You can connect deepset Cloud to your Amazon OpenSearch Services cluster through API. There are four steps to do that:

  1. Authorize the deepset Cloud AWS account to connect to your OpenSearch cluster.
  2. Send an API call to create the OpenSearch credentials for the deepset Cloud workspace.
  3. Send an API call to create the OpenSearch credentials for your pipelines.
  4. Send an API call to create a deepset Cloud workspace that you want to connect with your OpenSearch cluster. The pipelines in this workspace will run on your OpenSearch cluster.

📘

Security First

You can't connect an OpenSearch cluster to an existing workspace. This is because we want your files to be secure. When you create a dedicated workspace connected to your private cloud, you can be certain all your files are stored in your private cloud, not in deepset Cloud. This wouldn't be the case if you connected your private cloud to an existing workspace.

Prerequisites

  • You must have your Amazon OpenSearch Services clusters ready. We recommend using one cluster for the workspace and another one for your pipelines.
    • The cluster for your workspace is only used to index the files. It doesn't store any embeddings, so you don't need to allocate too much memory to it.
    • The cluster for your pipelines handles the vector representations of the files, so make sure you allocate sufficient memory to it.
    • Both clusters must be in the eu-central-1 region in AWS. If you need support for another region, contact your deepset Cloud representative.
  • Have the arn for your workspace and pipeline clusters ready. You'll add it to the request to create the credentials.
Obtaining the ARN for your clusters
  1. Log in to your AWS account and open Amazon OpenSearch Service.
  2. Select the cluster whose ARN you want to check.
    The cluster details page opens, and in the General information section, you can see the domain ARN for the cluster.
Cluster general information screen with the ARN highlighted

Connect Your Cluster to deepset Cloud

  1. Authorize deepset Cloud to use your OpenSearch clusters:
    1. Log in to your AWS account and open Amazon OpenSearch Service.
    2. On the dashboard, select the cluster you want to use for the workspace. (This is the cluster that is used to store the list of files only.)
    3. On the cluster details page, go to VPC endpoints.
      The cluster details page with the VPC endpoints option highlighteddp
    4. In the Authorized principals section, click Authorize principal and type in the deepset Cloud AWS account number: 364870968120.
    5. Click Authorize.
    6. Repeat steps 1i to 1v for the cluster you want to use for your pipelines. (This will be the cluster storing the embeddings, so it needs more memory allocated.)
  2. Create the credentials for your workspace cluster using the Add Opensearch Credentials [private] endpoint. The port number is always 443.
    Here's a sample request you can use as a starting point:
    curl --request POST \
         --url https://api.cloud.deepset.ai/api/v1/infrastructure/document_stores \
         --header 'accept: application/json' \
         --header 'content-type: application/json' \
         --data '
    {
      "port": 443,
      "password": "<OpenSearch user password>",
      "aws_domain_arn": "<cluster_arn>",
      "username": "<OpenSearch username>",
    }
    '
    
    Here's a step-by-step walkthrough of the code with explanations:
  1. Wait until you get the response. This may take a couple of minutes as AWS takes some time to create the connection. The response contains the credentials ID for the cluster. You'll need them to create the workspace in the last step.
  2. Repeat step 2 for the pipeline cluster. Again, wait for the response and make sure you save the credentials ID from it.

    👍

    Tip

    You can also use the List Available Opensearch Credentials endpoint to get a list of all the credentials created for your deepset Cloud organization.
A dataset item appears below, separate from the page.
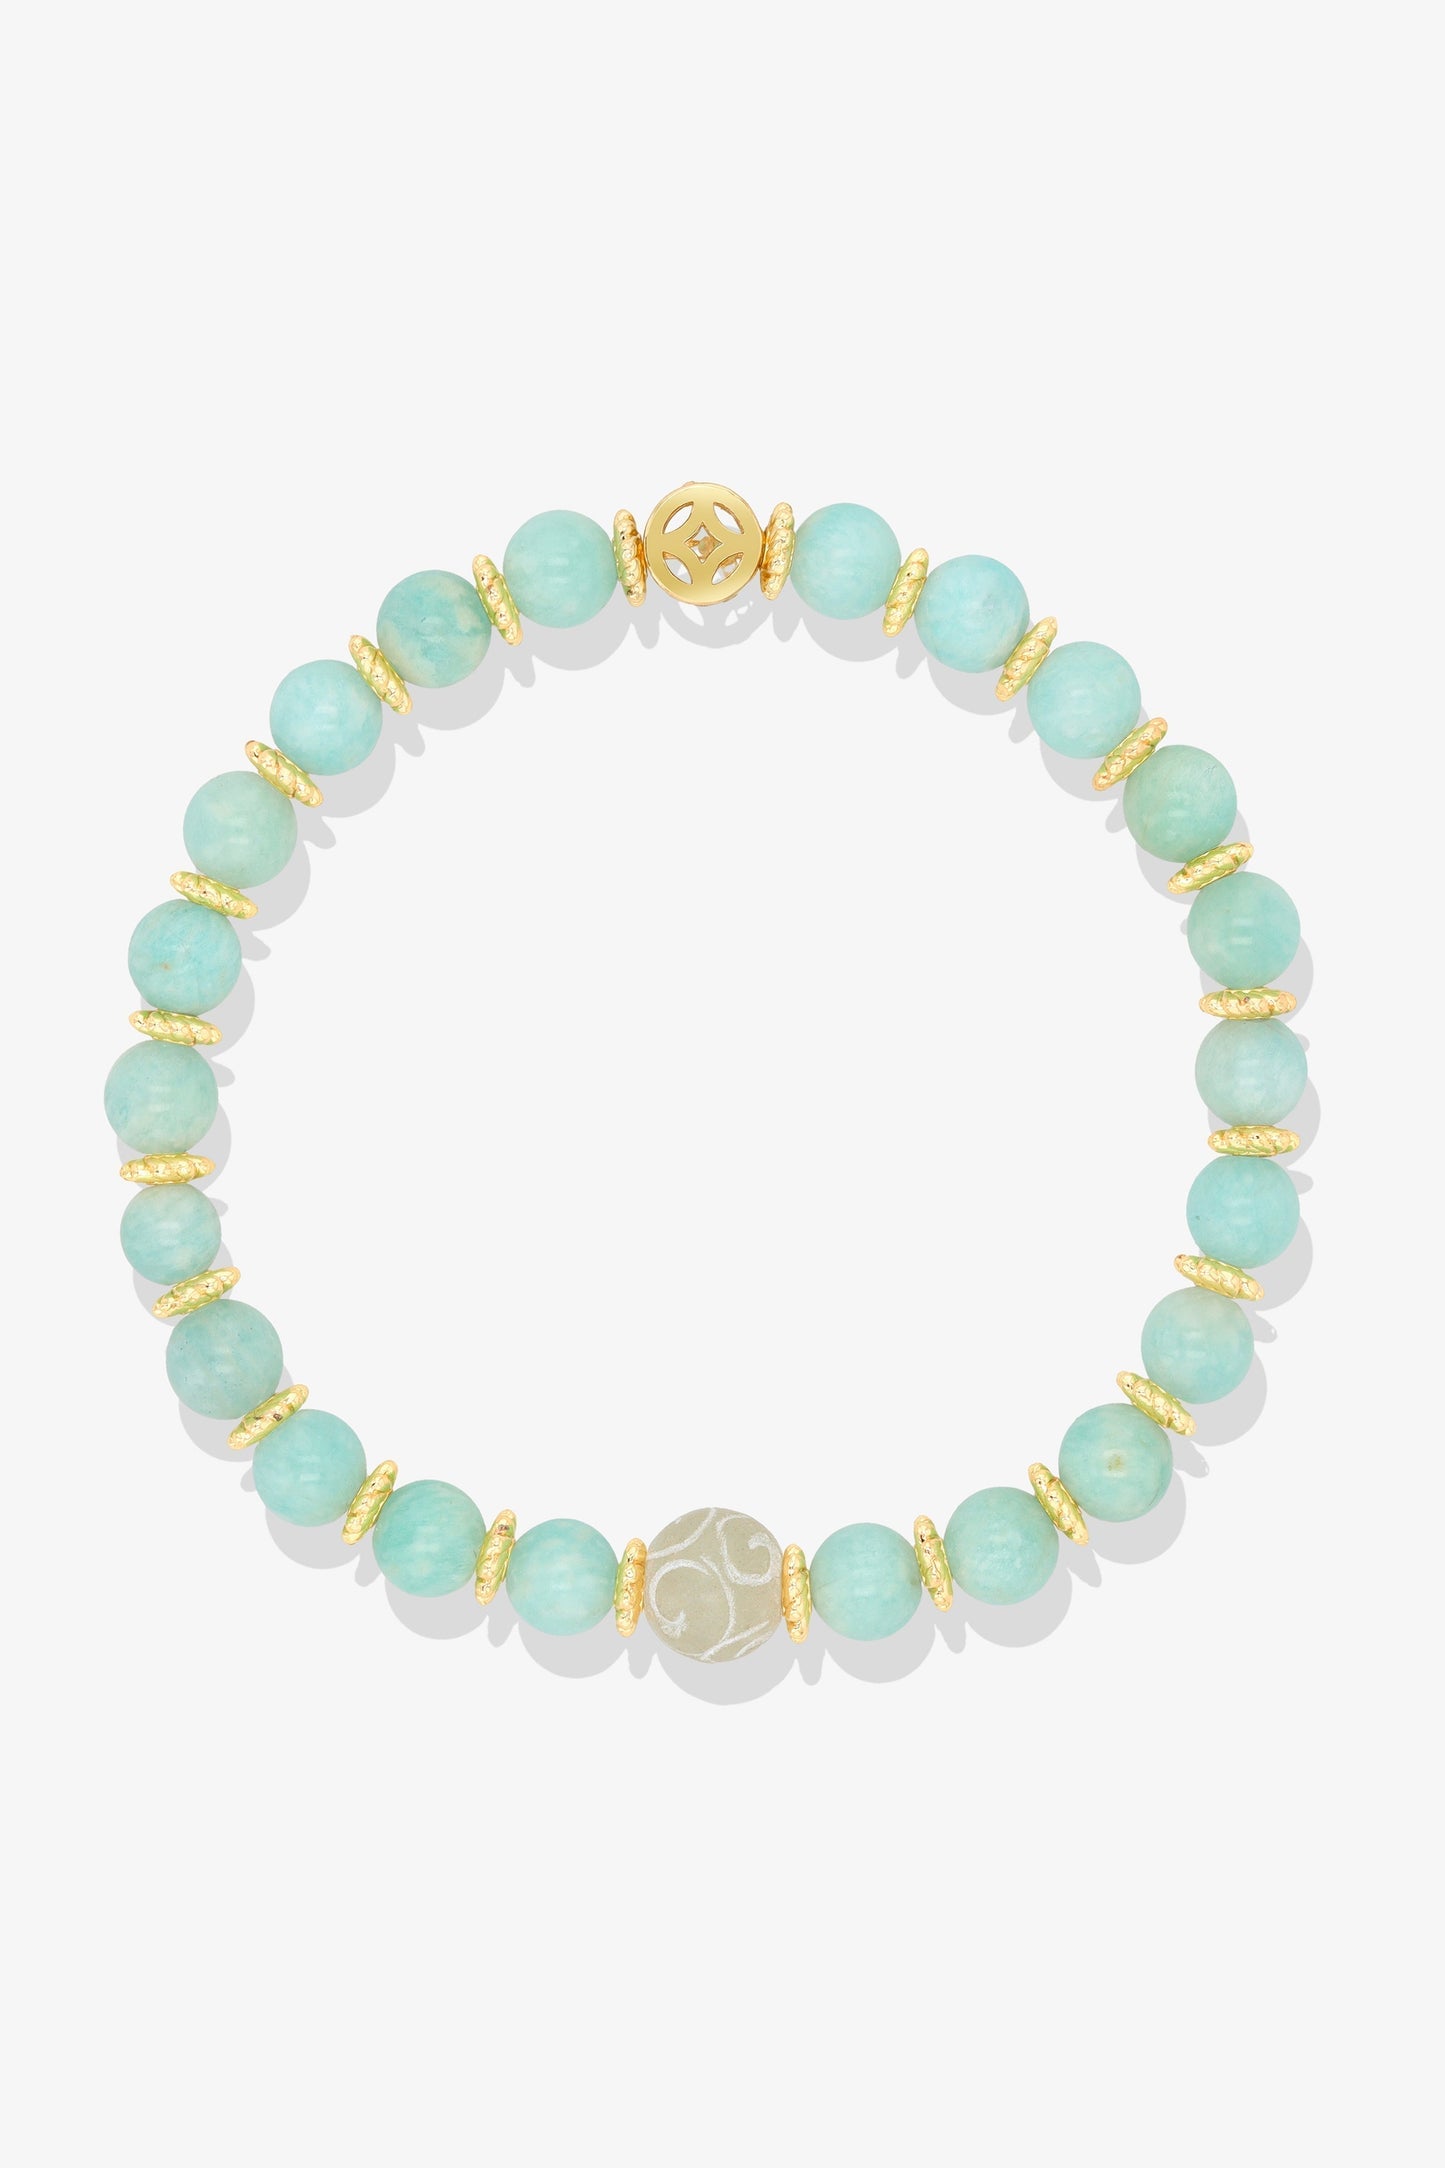 Jade with Gold Lucky Coin and White Jade charm Bracelet

  3. Create the workspace that you want to connect to your clusters. Use the Create Workspace endpoint. Make sure you provide the workspace cluster and the pipeline cluster credentials IDs you obtained from responses in steps 2 and 3.
    Here's the code you can use as a starting point for this request:
    curl --request POST \
         --url https://api.cloud.deepset.ai/api/v1/workspaces \
         --header 'accept: application/json' \
         --header 'content-type: application/json' \
         --data '
    {
      "document_store_credentials": {
        "pipeline_document_store_credentials_id": "<pipeline_cluster_credentials_id>",
        "workspace_document_store_credentials_id": "<workspace_cluster_credentials_id>"
      },
      "name": "<workspace_name>"
    }
    '
    

Here's the code explained step-by-step:

What To Do Next

Now, the pipelines you create and deploy in the newly created workspace will use the files stored in your OpenSearch cluster.

Updating Credentials

If your credentials to any of the clusters connected to deepset Cloud change, you need to:

  1. Delete the workspace that uses the credentials. (You can also do this from deepset Cloud interface.)
  2. Delete the credentials using the Delete Custom OpenSearch Cluster [private].
  3. Add the new credentials.
  4. Create a new workspace. You can then copy your pipelines over to this workspace.

Deleting Credentials

To delete the credentials used by a cluster, you must first delete the workspace that uses them and then delete the credentials. If you delete the credentials without deleting the workspace, the workspace becomes unusable anyway.

Backup

deepset Cloud doesn't create any backups for the data of your pipelines to prevent the data from spreading into deepset's storage. We highly recommend you configure automated snapshots for your OpenSearch indexes, as well as create runbooks and regularly practice index recovery.